Myosin and actin are fundamental proteins found in nearly all living cells, playing a central role in various cellular processes. These proteins enable cells to move, change shape, and maintain their internal organization. Their interactions orchestrate a wide range of movements, from the smallest cellular activities to muscle contractions.
Actin: The Cellular Framework
Actin is a highly abundant protein that exists in two primary forms: globular actin (G-actin) and filamentous actin (F-actin). G-actin monomers polymerize to form F-actin, which are thin, flexible fibers. These F-actin filaments, also known as microfilaments, are a major component of the cell’s cytoskeleton, providing structural support.
Actin filaments organize into complex networks and bundles within the cell, particularly concentrated just beneath the cell’s outer membrane. This network helps determine cell shape and enables dynamic changes. As part of the cytoskeleton, actin filaments serve as cellular “tracks” or “scaffolds” that guide the movement of various cellular components and facilitate cell movement.
Myosin: The Molecular Motor
Myosin is a family of motor proteins that convert chemical energy into mechanical force, driving movement along actin filaments. Most myosin molecules are composed of a head, neck, and tail domain. The globular head domain binds to actin and contains the site for ATP hydrolysis, which powers its movement.
The neck domain acts as a linker and a lever arm, helping to transmit the force generated by the head. The tail domain varies among different myosin types and is often involved in interacting with other cellular structures or cargo. Numerous classes of myosin exist, such as Myosin II, known for its role in muscle contraction, and Myosin V, involved in transporting vesicles and organelles within the cell.

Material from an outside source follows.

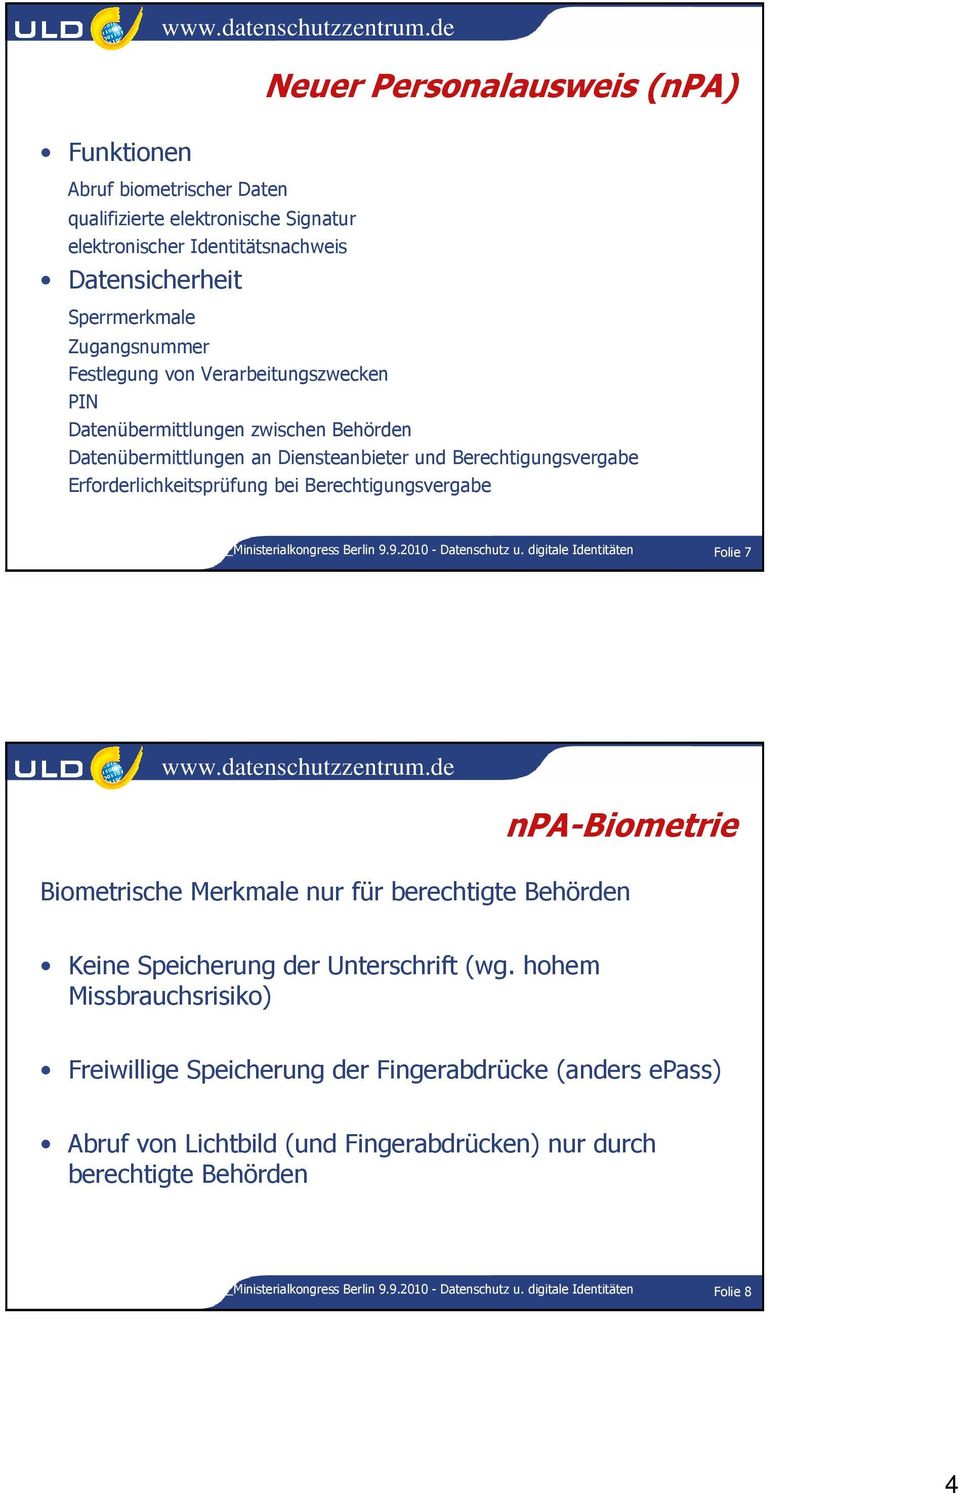 Berlin 9.9.2010 - Datenschutz u. digitale Identitäten Folie 7 npa-biometrie Biometrische Merkmale nur für berechtigte Behörden Keine Speicherung der Unterschrift (wg.

The Dynamic Duo: Muscle Contraction
The most recognized collaboration between myosin and actin occurs in muscle contraction, explained by the “sliding filament model.” In this process, thick myosin filaments and thin actin filaments are organized into repeating units called sarcomeres within muscle cells. Muscle contraction begins when myosin-binding sites on the actin filaments become exposed.
Myosin heads then attach to these exposed sites on the actin, forming cross-bridges. The energy released from the hydrolysis of adenosine triphosphate (ATP) causes the myosin head to change its shape, performing a “power stroke” that pulls the actin filament. This action slides the actin filaments past the myosin filaments, drawing them closer to the center of the sarcomere.
After the power stroke, a new ATP molecule binds to the myosin head, causing it to detach from the actin filament. The ATP is then hydrolyzed, re-cocking the myosin head for another cycle. This repeated attachment, pulling, and detachment causes the sarcomere to shorten, leading to muscle contraction.
Beyond Muscle: Diverse Cellular Roles
Beyond their well-known role in muscle contraction, myosin and actin perform many other important functions throughout the body. In cell division, for instance, a contractile ring made of actin filaments and Myosin II forms around the middle of a dividing cell. The contraction of this ring pinches the cell into two daughter cells, a process called cytokinesis.
These proteins also drive cell migration, enabling cells to move and navigate their environment. Myosin-driven contraction of actin networks provides the necessary force for cells to extend protrusions, adhere to surfaces, and then pull their trailing edges forward. This coordinated action is important for processes like wound healing and immune responses.
Myosins also play an important role in intracellular transport, acting as molecular couriers that move various cellular components. Different types of myosin, such as Myosin V, transport vesicles, organelles, and other cargo along actin filament tracks within the cell. This transport ensures that cellular materials are delivered to their correct destinations, maintaining cellular organization and function.